Muhammad K Lodhi 1, Rashid Ansari 1, Yingwei Yao 2, Gail M Keenan 2, Diana Wilkie 2, Ashfaq A Khokhar 3
PMCID: PMC5665368  NIHMSID: NIHMS878718  PMID: 29104962

Abstract

Readmission rates in the hospitals are increasingly being used as a benchmark to determine the quality of healthcare delivery to hospitalized patients. Around three-fourths of all hospital re-admissions can be avoided, saving billions of dollars. Many hospitals have now deployed electronic health record (EHR) systems that can be used to study issues that trigger readmission.However, most of the EHRs are high dimensional and sparsely populated, and analyzing such data sets is a Big Data challenge. The effect of some of the well-known dimension reduction techniques is minimized due to presence of non-linear variables. We use association mining as a dimension reduction method and the results are used to develop models, using data from an existing nursing EHR system, for predicting risk of re-admission to the hospitals. These models can help in determining effective treatments for patients to minimize the possibility of re-admission, bringing down the cost and increasing the quality of care provided to the patients. Results from the models show significantly accurate predictions of patient re-admission.

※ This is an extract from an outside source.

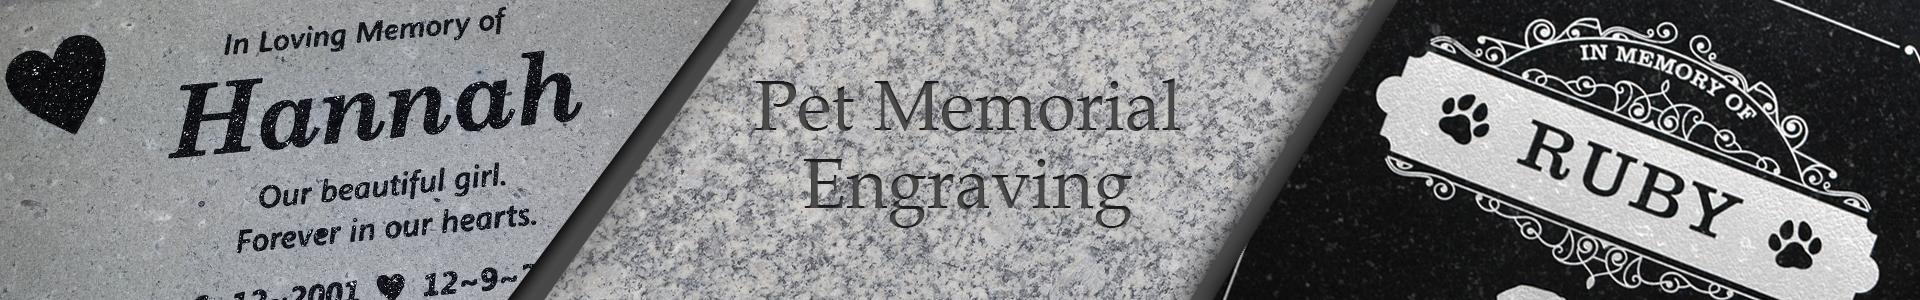 pet-memorial-engraving.png

Keywords: electronic health records (EHR), predictive modeling, Re-admission

1 Introduction

Sparse and high dimensional datasets pose a serious challenge to existing data mining and machine learning methods, mainly because of their size and exponential complexity w.r.t dimensions. Due to these characteristics, the gap between our ability to process and analyze data and the rate at which it is accumulating is rapidly widening [1]. These data sets stem from diverse application areas, such as electronic health records (EHRs), biology, astronomy, web data, and medical imaging. Due to the presence of non-linear variables and their varying degree of importance in different domains, the problem is complex and extremely challenging. Different data mining techniques have been used to extract knowledge available in some of these data sets, albeit with limited success until now [2]. Various algorithms [3, 4] have been introduced, that use row-wise enumeration method instead of traditional column-wise enumeration method to address the dimensionality problem, however, they have their own limitations as they work best for dense high dimensional datasets, with significantly lower number of rows compared to number of columns. Different dimension reduction algorithms, such as Principal Component Analysis [5], Multi-Dimensional scaling [6] and Independent component analysis [7], are too restrictive due to their reliance on global linearity assumption. The context of various variables is also abated using these conventional dimensional reduction methods.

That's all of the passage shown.